I agree. Life is too short to spend time with people who not only stress you out but will spend a good part of the visit disrespecting your life choices.


----------



## my3boys (Jan 18, 2011)

Paumon said:


> Well, judging by your posts it sounds like there is mutual contempt happening. They are contemptuous of you and your ideals and you are contemptuous of them and their ideals. None of you are actually friends with each other any more and you're all in opposition to each other.
> 
> So why bother with them at all? It doesn't make any sense to continue associating with people who have become strangers to you and visa versa.
> 
> ...


Old friends can be lifelong friends and those friendships are a rare gift. Then there are old friends with whom the only thing you have in common is the past.


----------



## Maura (Jun 6, 2004)

You mentioned we are like minded people here at HT. No, we are not. Our politics are different from left to right to tea party. We hunt all our food; we don't own guns. We have alarms and mean dogs; we don't lock our doors. We drink booze a lot; we never drink. We are young; we are old. We argue every little point; we don't argue.

I'm sure there are many people in your old group who have different opinions, but have learned to keep quiet so they don't have to fight about it. If you are 'different', then you loose the group and the safety you have in the group. It is very hard to feel safe in the group, then risk loosing it all. This is why people go along even when they disagree. Having people ostracize you or object to you can actually allow you to be free. If you can't please other people, you go ahead and please yourself. You step outside the box, whatever that box is (and your chosen lifestyle would be a box for someone else).


----------



## mpillow (Jan 24, 2003)

NJ Rich said:


> This thread probably would be better in General Chat:
> 
> Lindmarie has not offended me at all. But having people who critisize what i do or how I live are not invited here but maybe uninvited if they are looking to get on their Holier Than Thou soap box.
> 
> ...


Murder? *MURDER!* Pre-meditated murder. 
Be sure to pre-heat the oven.


----------



## used2bcool13 (Sep 24, 2007)

LindaMarie, 
Hi, first of all I really enjoy your posts.
I am sorry for the angst you are feeling. It is hard when the people you love or have long standing relationships with think what you are doing is a waste of time. I am sure everyone here can relate.
I think the life you are giving your grandchildren is something they will never forget, you sound like you can get through most any emergency without any problems. I think you should feel good about yourself and what you are doing. 
Cheers!
Alison


----------



## paradox (Nov 19, 2012)

I have walked away from lots of relationships that were no longer a blessing to me. Life is too short to spend it cooped up in a room with people who irritate you. Especially when they are intentionally insulting something you obviously value. I say suffer through this visit, and if it isn't a vast improvement then cut 'em loose and find new friends with the same values as yours.

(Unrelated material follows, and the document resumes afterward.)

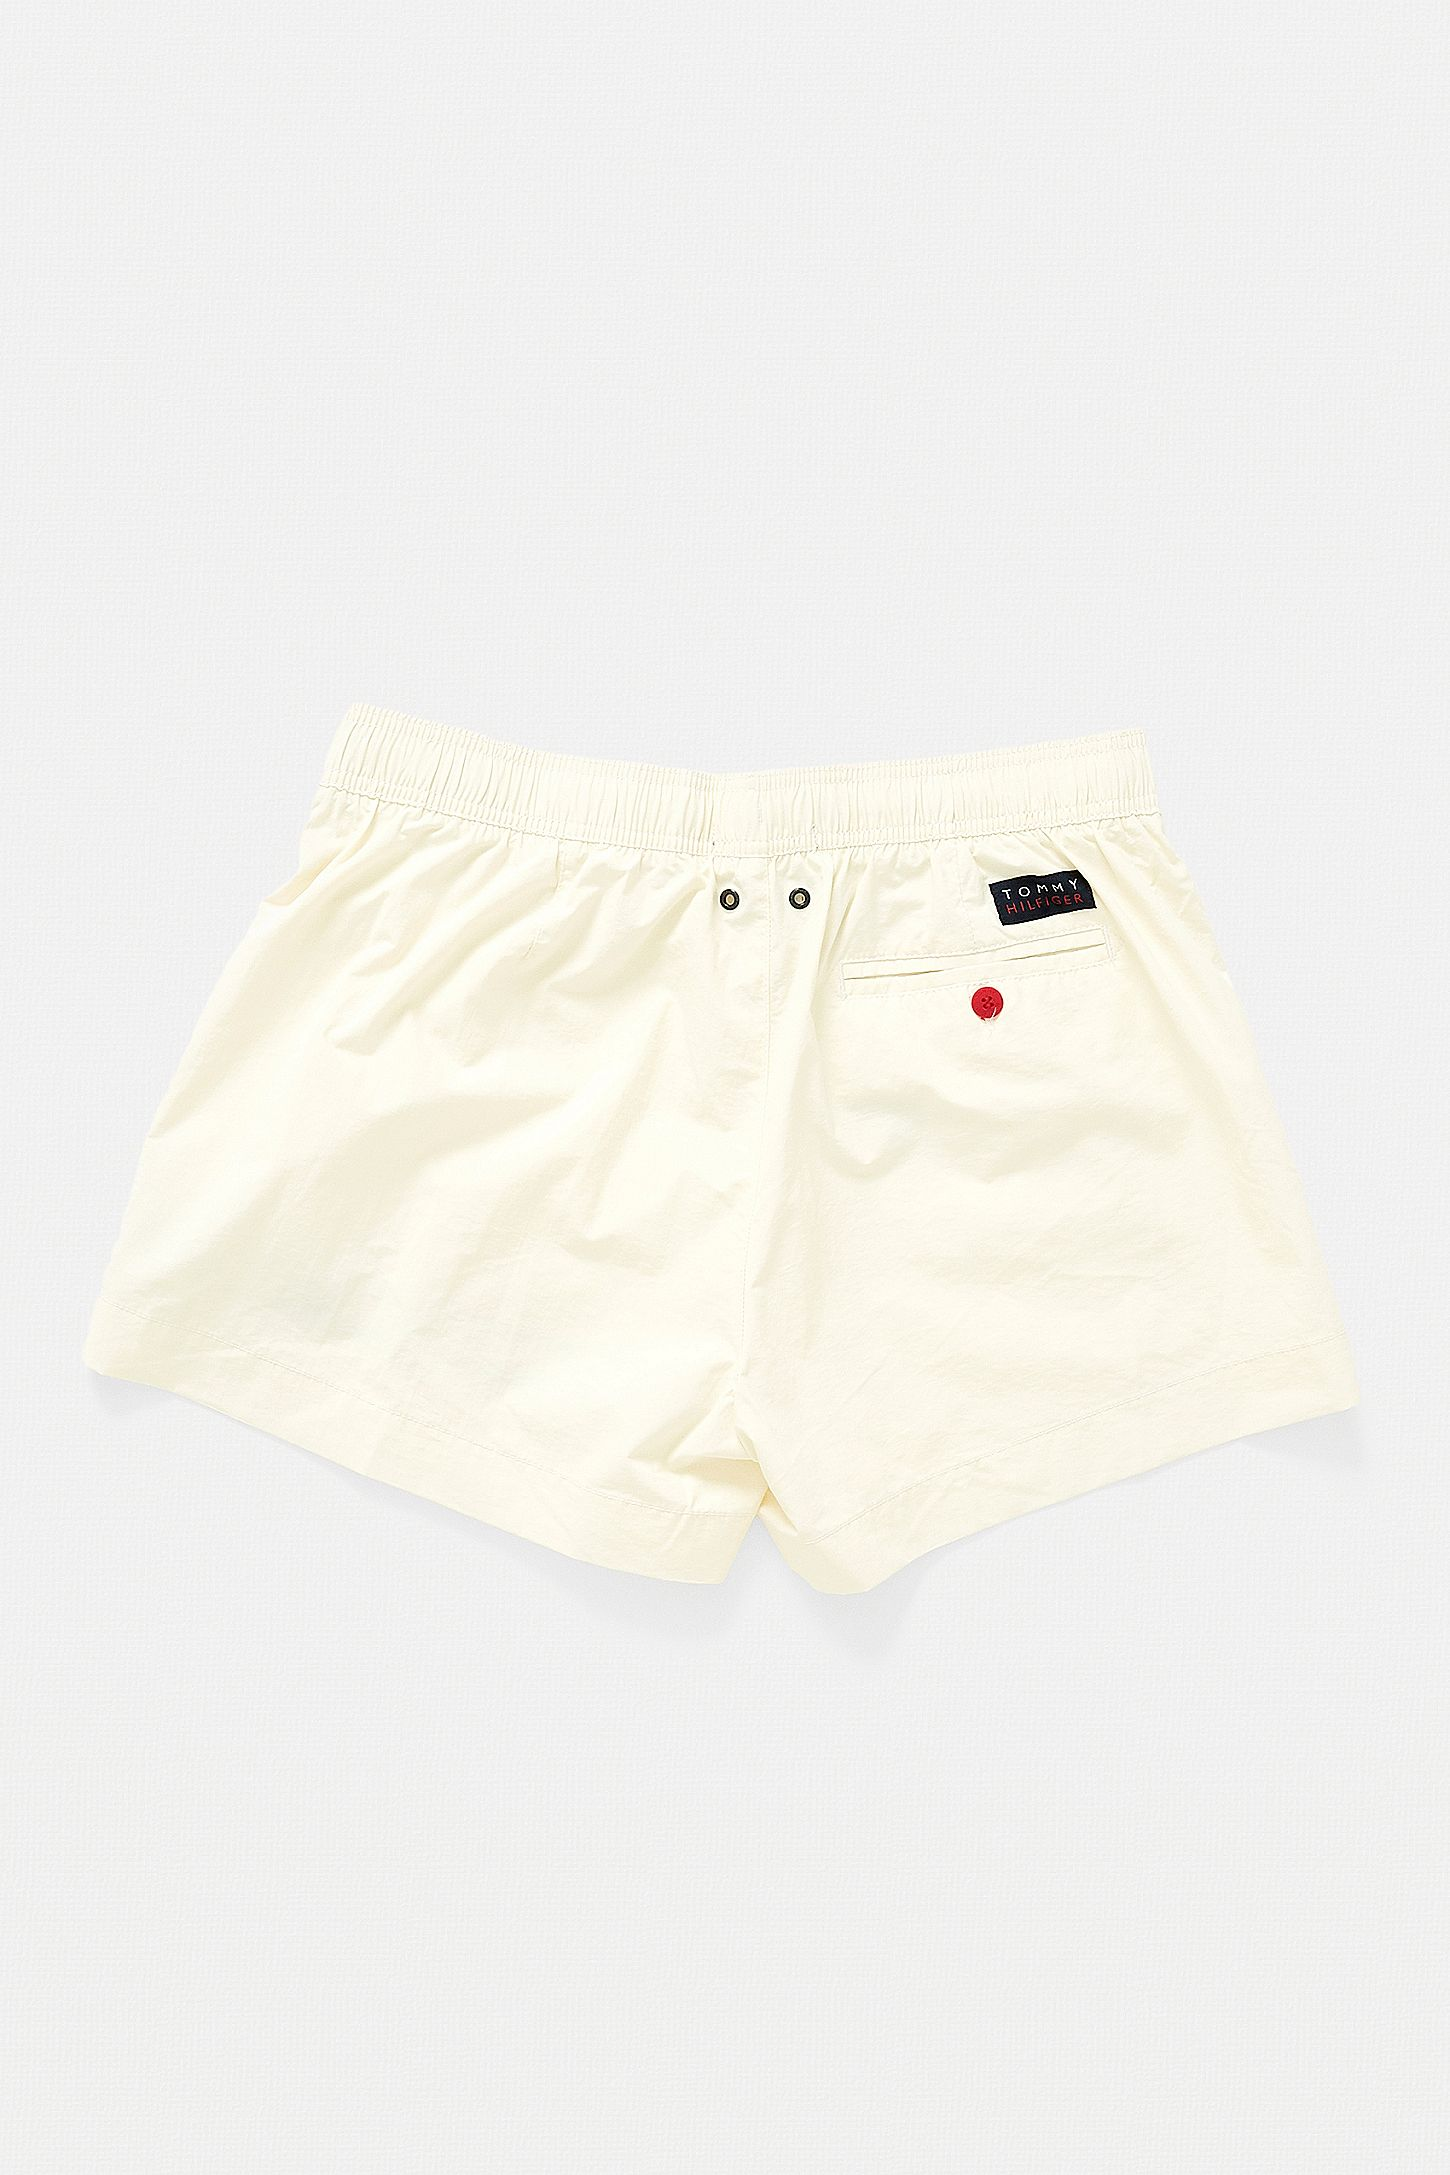 fec84fd12f Tommy Hilfiger Crest Logo White Swim Shorts | Urban Outfitters UK

As to whether or not there is anywhere left where you don't have to be politically correct - I can send you my address.


----------



## sand flea (Sep 1, 2013)

> As to whether or not there is anywhere left where you don't have to be politically correct - I can send you my address.


Down my way, too. We can - and do - say what needs saying without beating around the bush from all parts of that "continuum".


----------



## NickieL (Jun 15, 2007)

I guess I'm pretty lucky. Even though I'm a left leaning tree hugging earth loving type, the friends I have who are not, are respectful enough about my ideals even if it's not their own and vice versa. I would not welcome anyone back for a visit who was excessively argumentative who looked down on my own beliefs and as such I'd not do it to others... Even if it means holding my tounge in check. 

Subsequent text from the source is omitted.